Pandita Ramabai was a Hindu woman, born in 1858; after her conversion she devoted herself to the education of women and the securing of their rights. V. S. Azariah, born into a Christian family in the southeast of India, was an evangelist who contributed to the growth of the Y.M.C.A. in India and later became the first Indian bishop in the Anglican Church and its second non-Briton. Shi Meiyu, also known as Mary Stone, was born in Jiujiang to a family converted by Methodist missionaries; she studied at the University of Michigan.
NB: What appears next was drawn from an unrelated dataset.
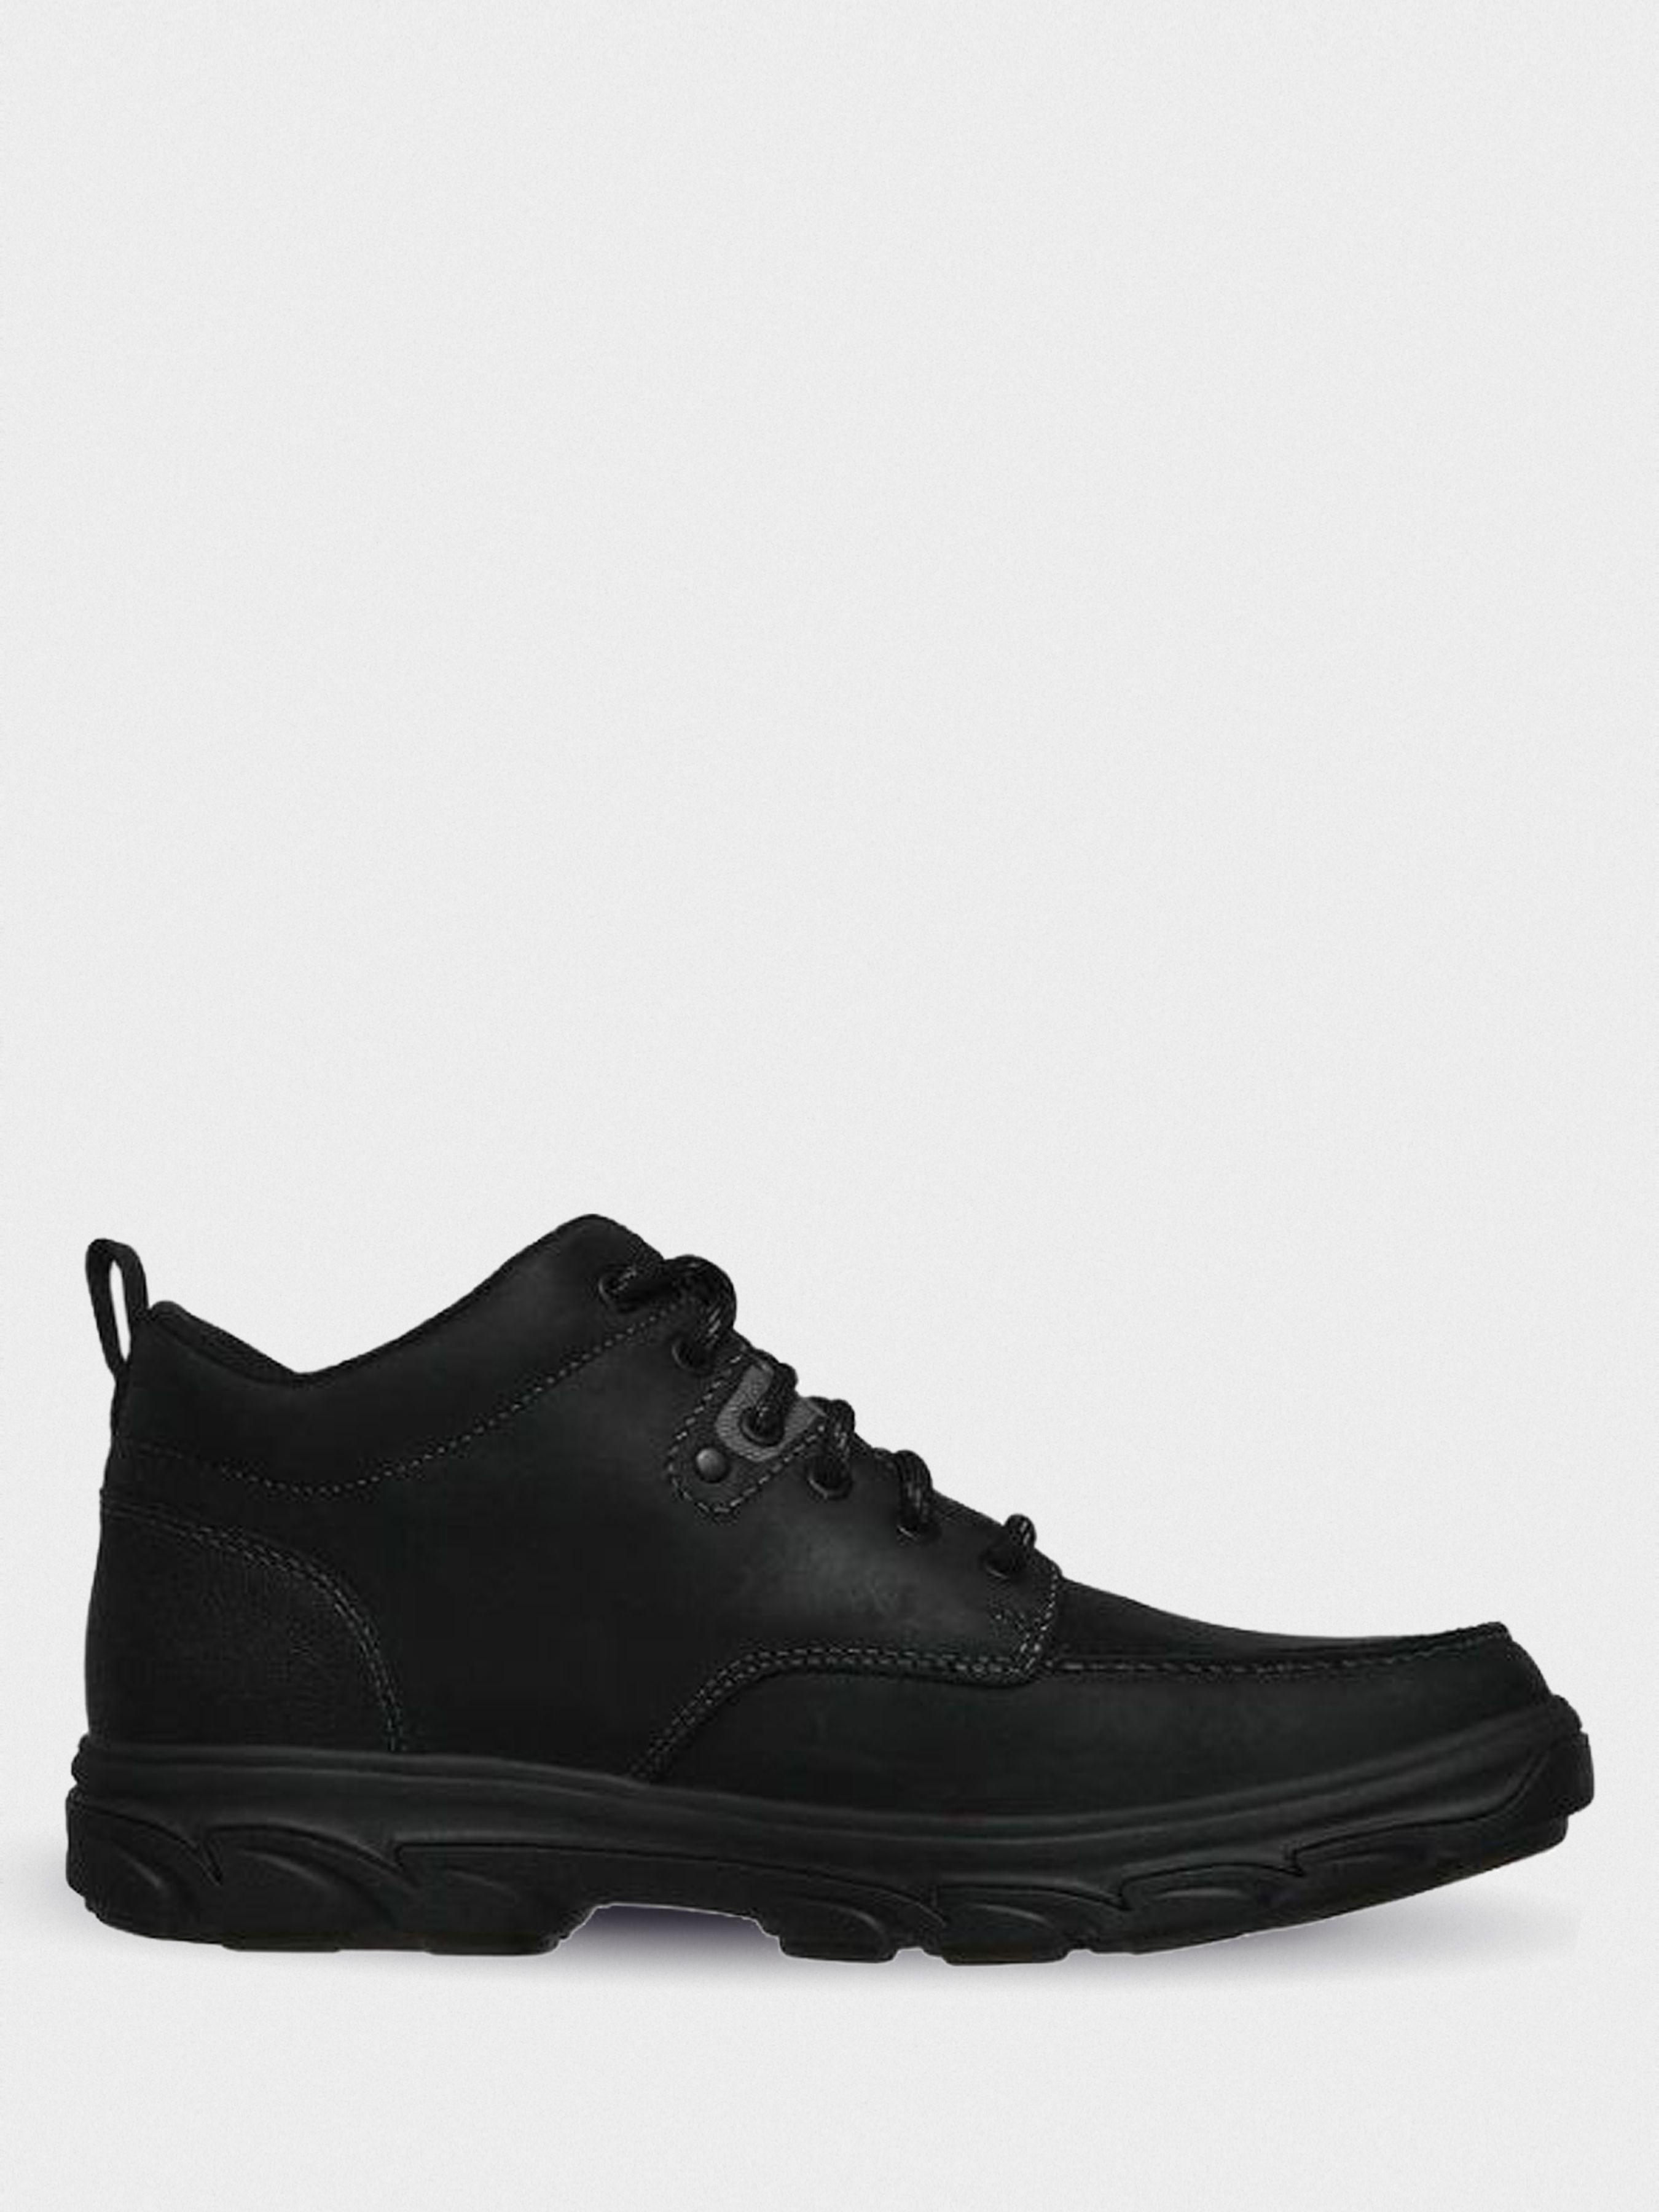 Купить Ботинки мужские Skechers KM3001, Черный

Returning to China as a medical doctor, she founded a hospital and later a nursing school at Jiujiang, which combined medical training with evangelism. Today her school is part of Jiujiang University, a four-campus institution with over 30,000 students.

A number of those whose stories are told have helped shape both church life and Christian theology in their countries. Some recognized the importance of developing a truly inculturated theology. Byang Kato, a Nigerian, early on saw the importance of developing a theology by and for Africans. Today there are evangelical theological schools and journals in Nigeria and elsewhere in Africa that reflect his influence. Others sought to establish indigenous Christian communities free of denominational entanglements. In India, Sundar Singh, a mystic born of a Sikh family in northwest India, sought to integrate Indian models of spirituality into his understanding of Christian faith. In his words, “Indians need the Water of Life, but not the European cup.” The “Three-Self Movement,” churches that were “self-governing, self-supporting, and self-propagating,” was not an invention of the Chinese Communist Party but grew out of the idea of indigenous local churches encouraged by missionaries like the Americans Rufus Anderson (1796-1880) and John Nevius (1829-93) and the British missionary Roland Allen (1868-1947). In China, missionaries like John Sung and W. T. Wu favored house churches, which are now growing rapidly in China.

Because of the evangelical focus of the book, Catholic missionary work is mentioned only in passing, but it was significant. Beginning in the 16th and 17th centuries, Jesuit, Franciscan and other Catholic missionaries in China and Japan created Christian communities that endured to modern times. In 1952, when Western missionaries had to leave China, there were one million Protestants and three million Catholics. These Christians paid a high price for their faith. An estimated 8,000 mostly lay Korean Catholics were killed in the mid-19th century. During the Boxer Rebellion (1900-1), some 4,000 Protestants and 30,000 Catholics died in China. But the remarkable stories of these African and Asian men and women, ordained and lay, professionally trained or charismatic, whose zeal and commitment planted the faith so widely is inspirational for Catholics as well as evangelicals at a time when the Catholic Church is becoming more conscious of its evangelical mission.